The pills came at nine. Damien palmed them, pretended to swallow, and held them under his tongue until the nurse was gone. Then he spat them into the corner of the mattress. He needed his head clear. Not foggy.

At 10:45 PM, he made his move.

The night shift was still getting settled. The orderly who came for the final bed check was a big guy named Garris. Damien had read his name tag during dinner. He had a keycard on his belt and a baton in his hand. He was bored. He'd done this a thousand times, and Damien was just another rich man who'd lost his mind.

Damien waited until Garris leaned over to fix his blanket.

Then he hit him.

He slammed his forehead into Garris's nose. Something crunched. Garris stumbled back, swearing, blood pouring. Damien had already worked his left hand free. He grabbed the keycard from Garris's belt and rolled off the bed, dragging the right restraint—still attached to his wrist—with him. The bed screeched across the floor.

Garris swung his baton. Damien ducked and drove his elbow into Garris's gut. The orderly doubled over.

Damien ran for the door.

The hallway was dim. He went left. Toward the stairwell he'd spotted during intake. Behind him, an alarm started shrieking. Red lights flashed along the ceiling.

He hit the stairwell door and pushed through.

Concrete steps. He took them three at a time. Bare feet slapping cold stone. Second floor. First floor. The exit sign glowed green up ahead.

He hit the push bar but It didn't budge. it was Locked and needed a keycard. He swiped the stolen card. The light stayed red.

he heard Footsteps above him. "Shit!" he exclaimed. They were faster than he'd anticipated.

He swiped again. Still red.

The stairwell door above crashed open. Three orderlies. Garris in front, his face covered in blood and pure rage.

Damien turned and sprinted down the corridor, looking for another exit, a window, anything. He grabbed a fire extinguisher off the wall and threw it at a reinforced window. The glass cracked but didn't break.

They tackled him from behind. His face hit the floor. Knees dug into his back. A needle slid into his neck. The same cold rush as before, but stronger.

Garris leaned close. His blood dripped onto Damien's cheek.

"That's two violent episodes tonight, Wicker. You just bought yourself thirty days in solitary."

Damien's vision narrowed.

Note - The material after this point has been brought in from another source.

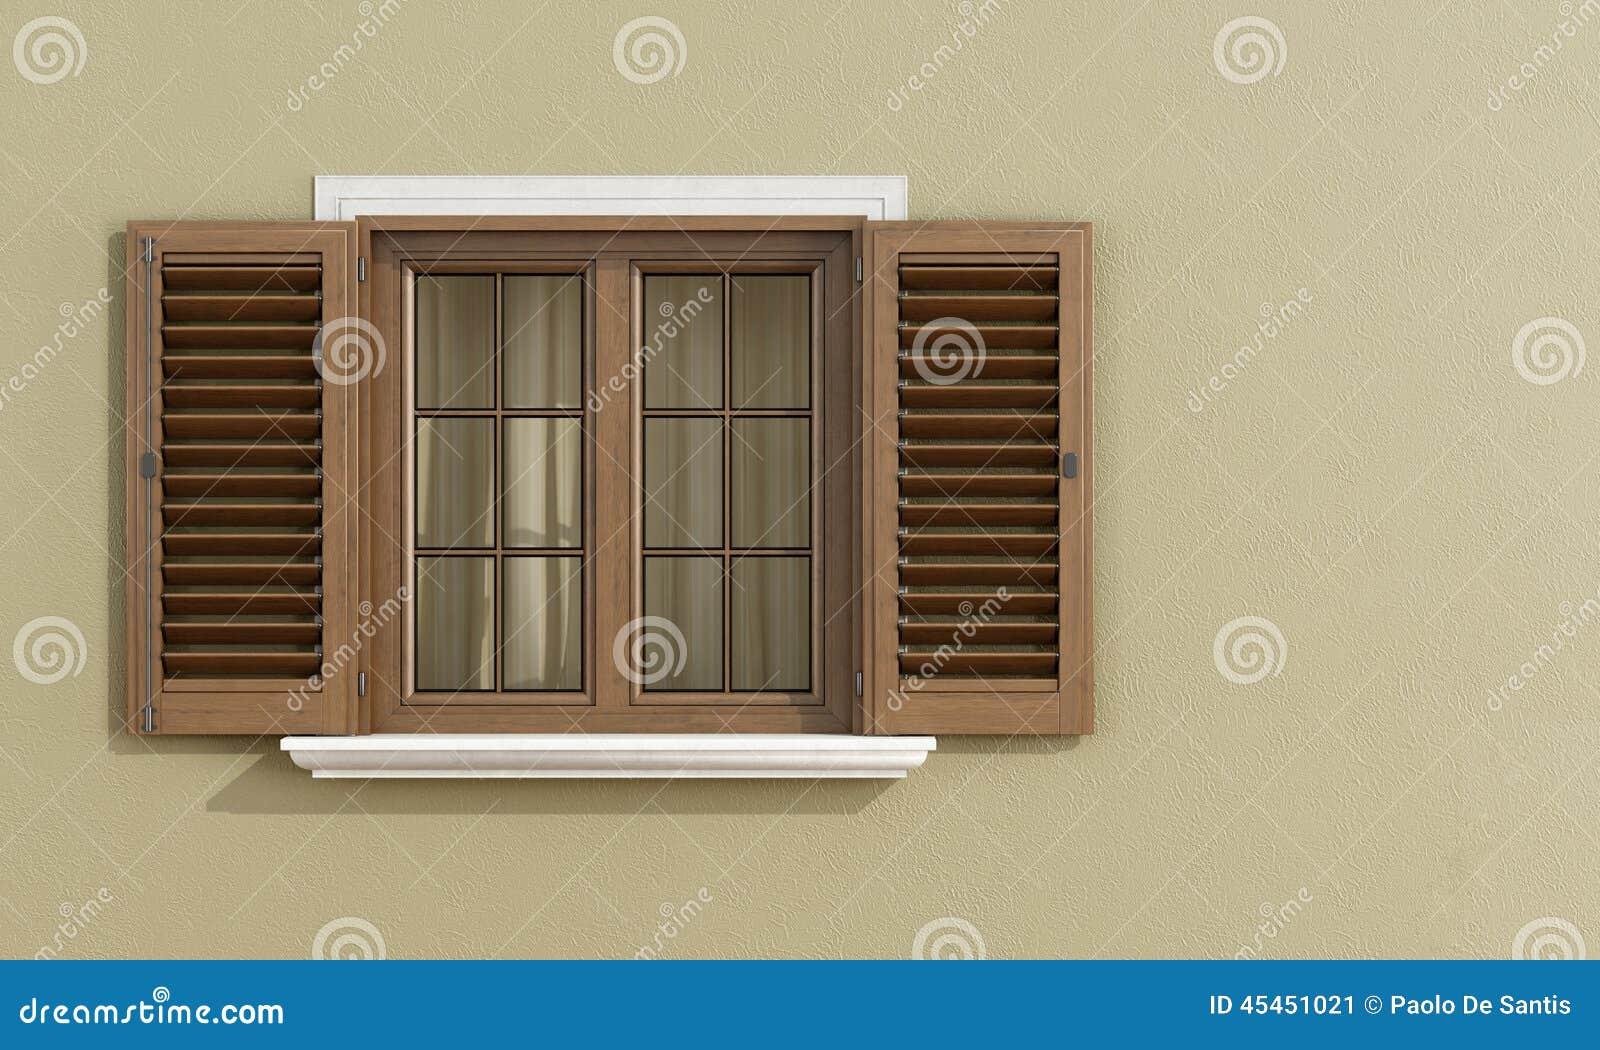 Detalle de una ventana de madera

They dragged him back to Room 214. This time the straps were tighter. The lights were brighter. Someone laughed out in the hallway.

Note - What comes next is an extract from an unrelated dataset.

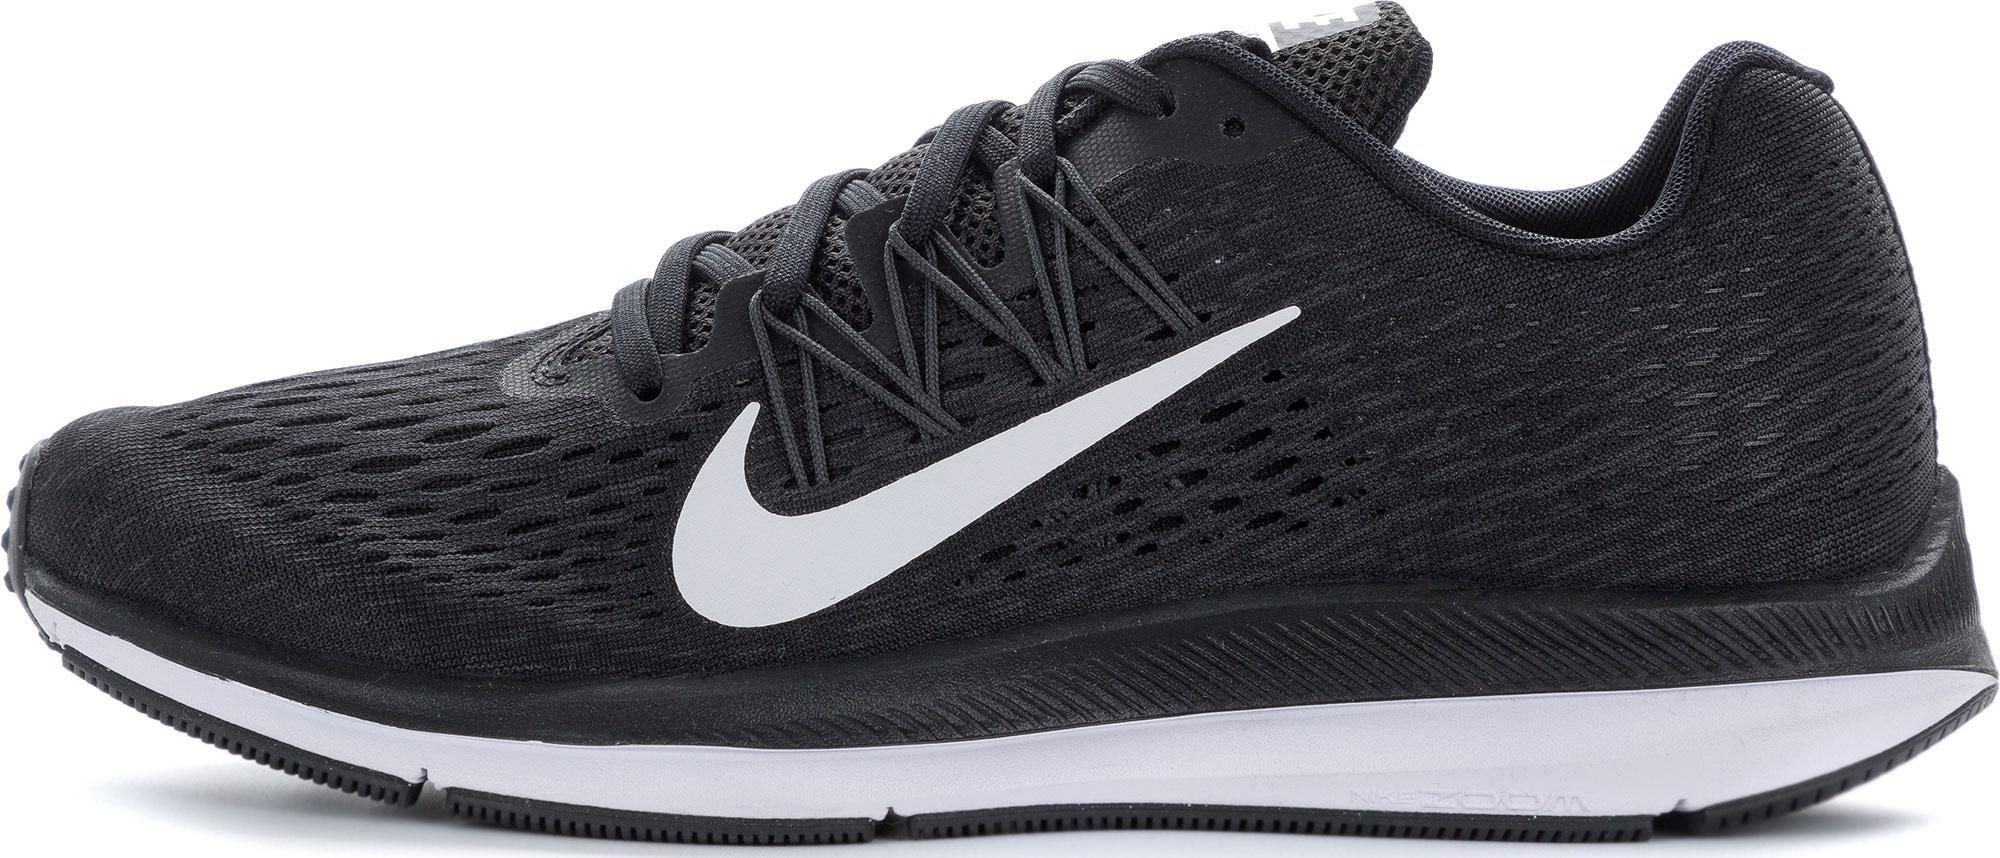 Nike Кроссовки женские Nike Winflo 5, размер 39,5 цена

He lay there for an hour, maybe two. His heart pounded against the leather. The sedative made his thoughts thick and slow, but he fought it. He counted ceiling tiles. Recited poems. Anything to stay awake.

Then he heard it. A scratching sound from the direction of the door. He sat up slowly and looked. A folded piece of paper slid under the door.

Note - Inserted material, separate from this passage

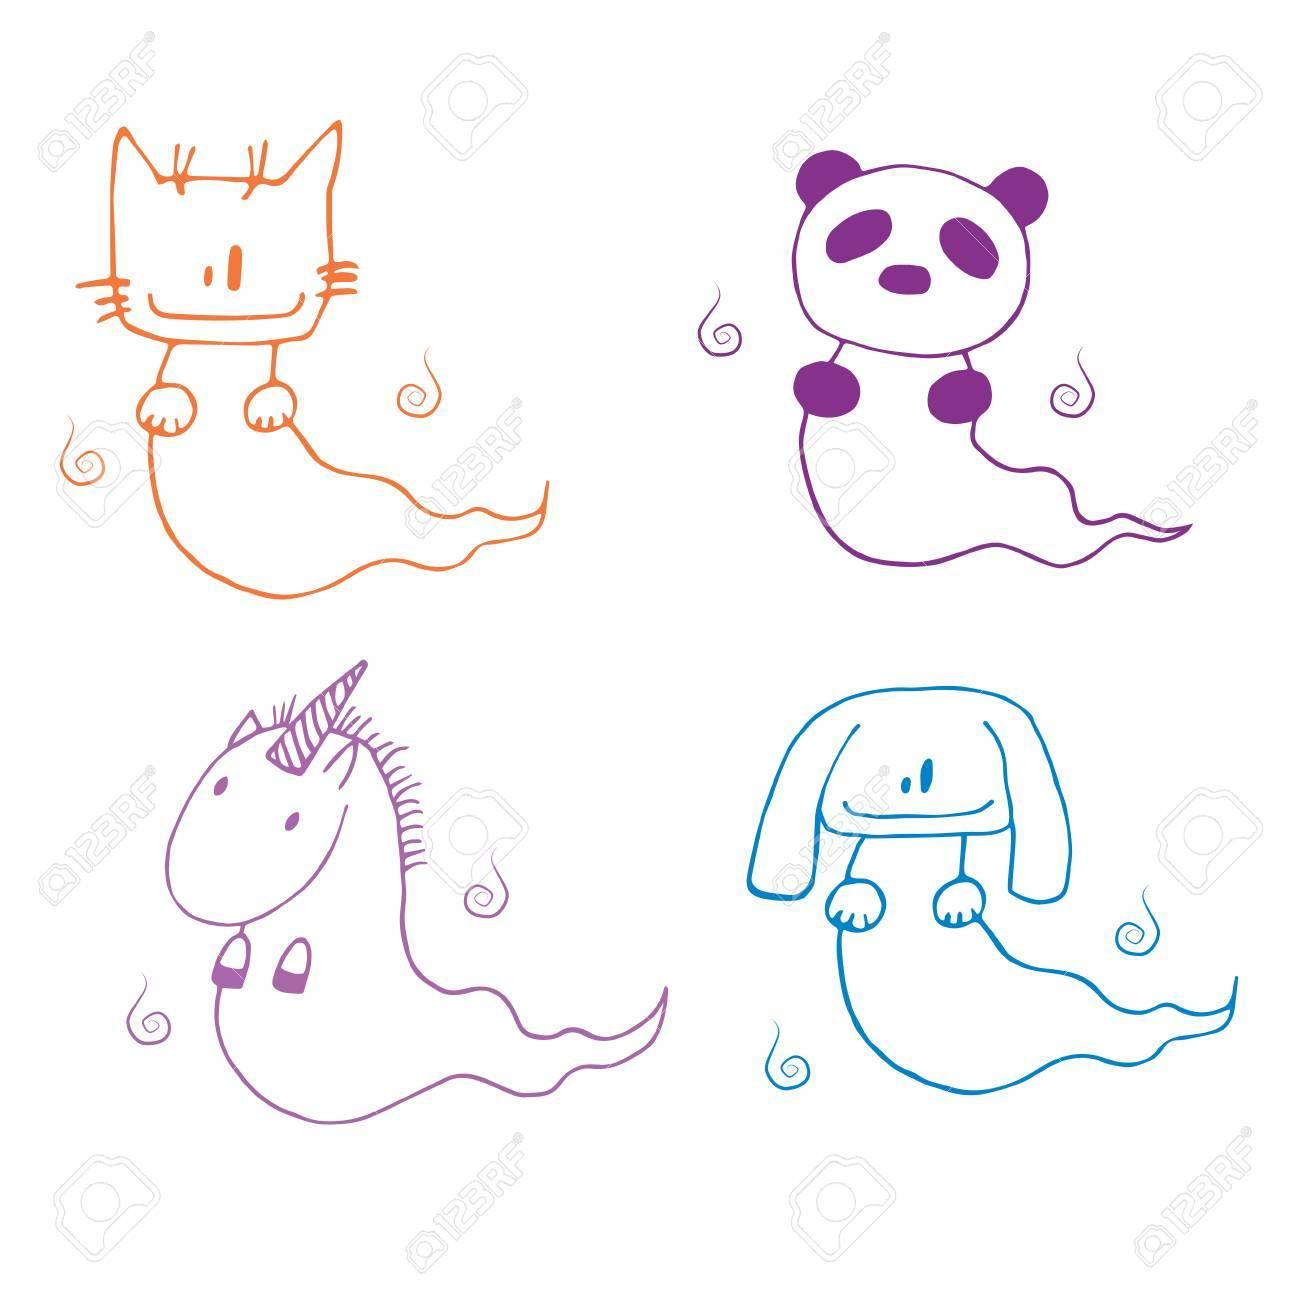 1300x1300 Hand Drawn Illustration Of Cartoon Ghost Animals Cat, Panda

He stared at it. His arms were pinned too tight to reach it, so he used his feet, dragging the paper across the floor until his fingers could grab it.

the paper had only three words written on it

Midnight. Laundry Room B. Come alone.

He read it three times. It could be a trap. It was almost certainly a trap. Serena and Adrian might have sent someone to finish the job.

But it was also a door out of here.

He lay down again. Whatever it was, he would be ready.